*** Data segment
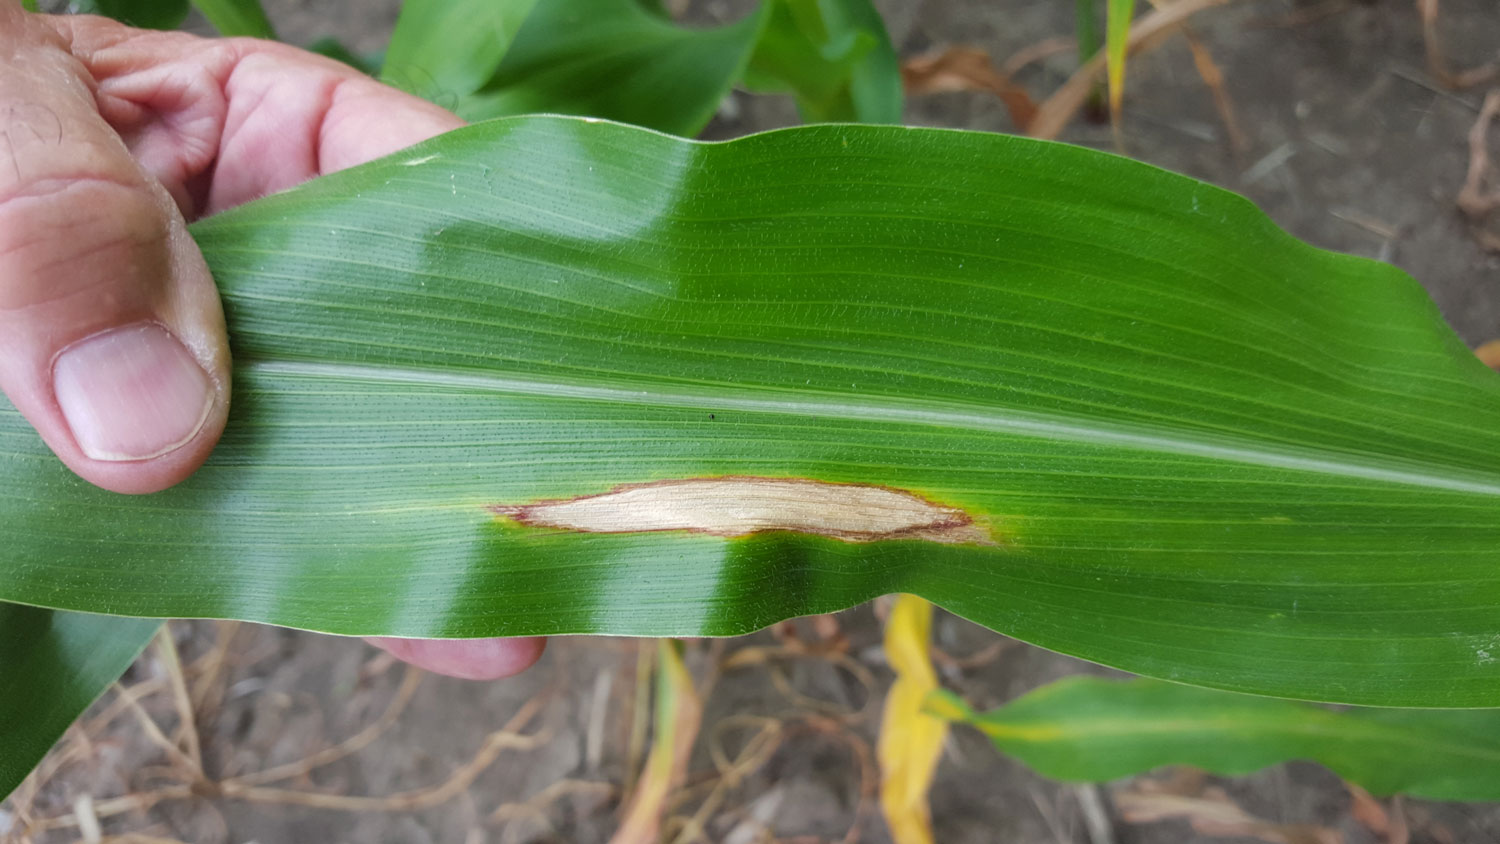 Northern corn leaf blight in corn
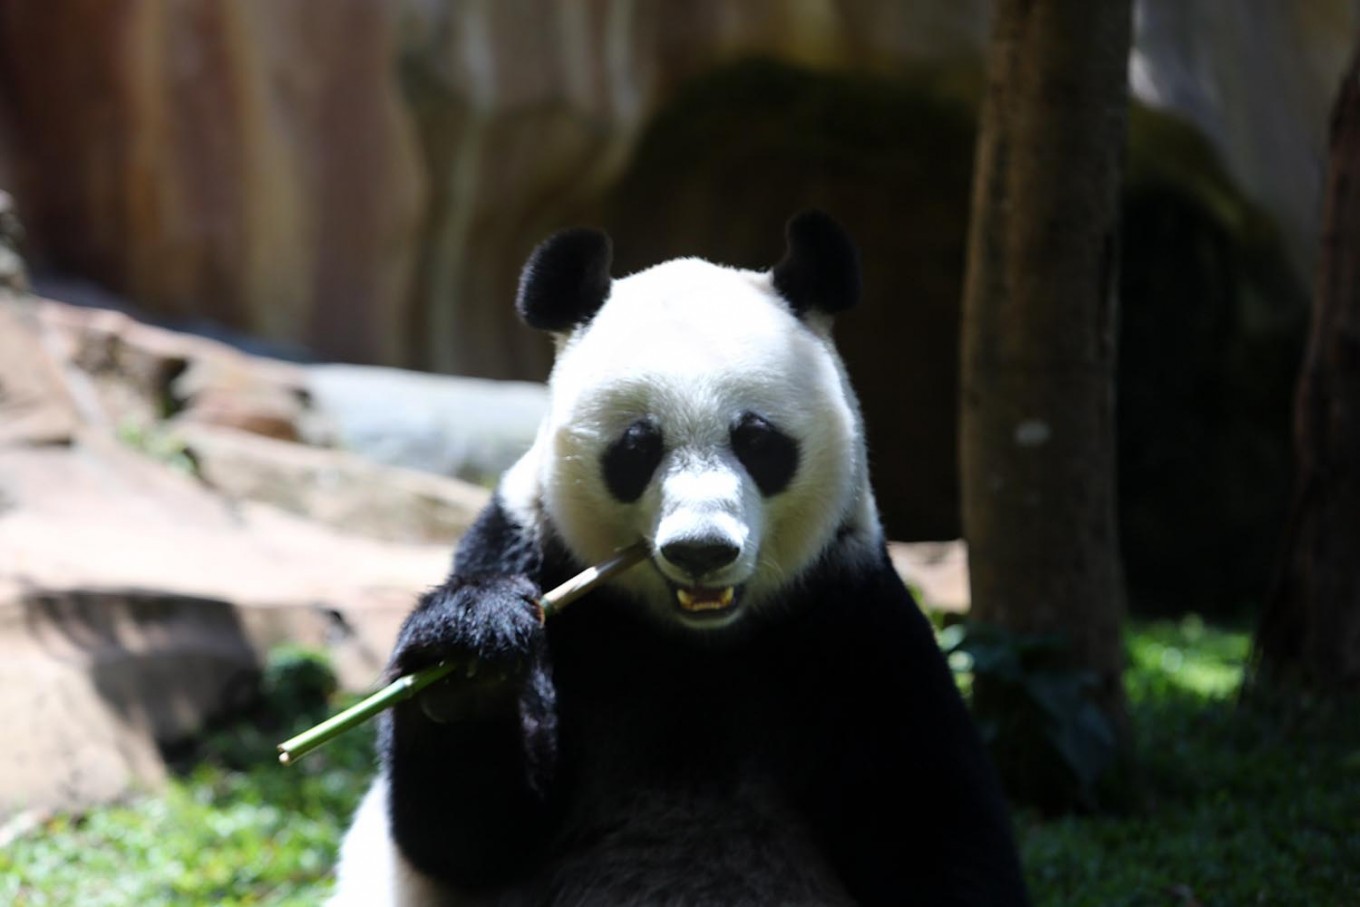 Taman Safari celebrates five years of Indonesia-China panda conservation
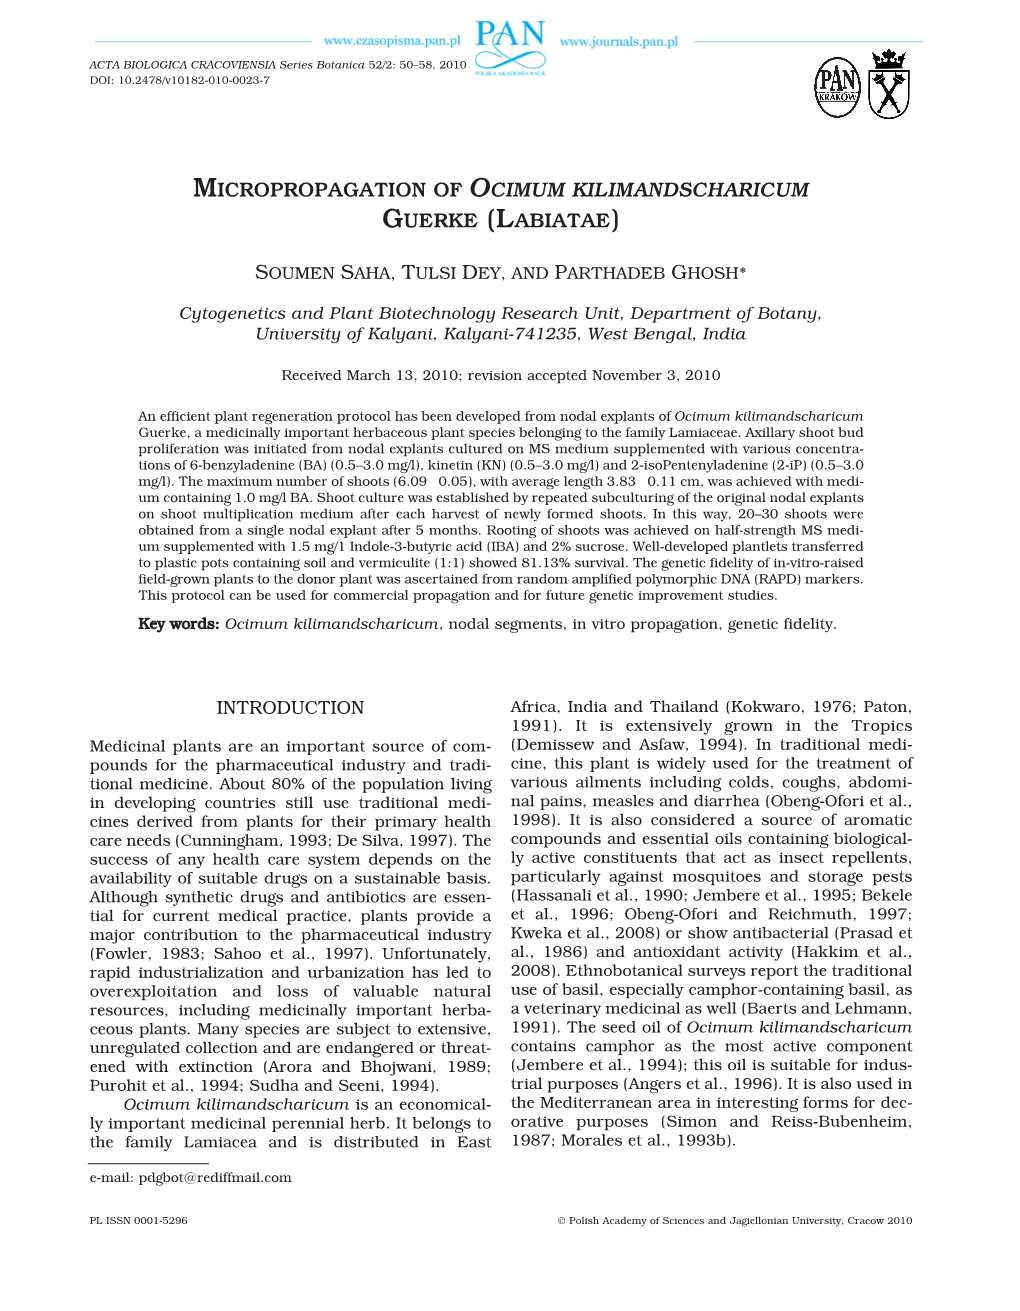 Micropropagation of Ocimum Kilimandscharicum Guerke (Labiatae)
******
▶ [Task item]: Give back the whole of the material exactly, with the pictures removed.

▶ [Problem solution]:
 Northern corn leaf blight in corn
 Taman Safari celebrates five years of Indonesia-China panda conservation
 Micropropagation of Ocimum Kilimandscharicum Guerke (Labiatae)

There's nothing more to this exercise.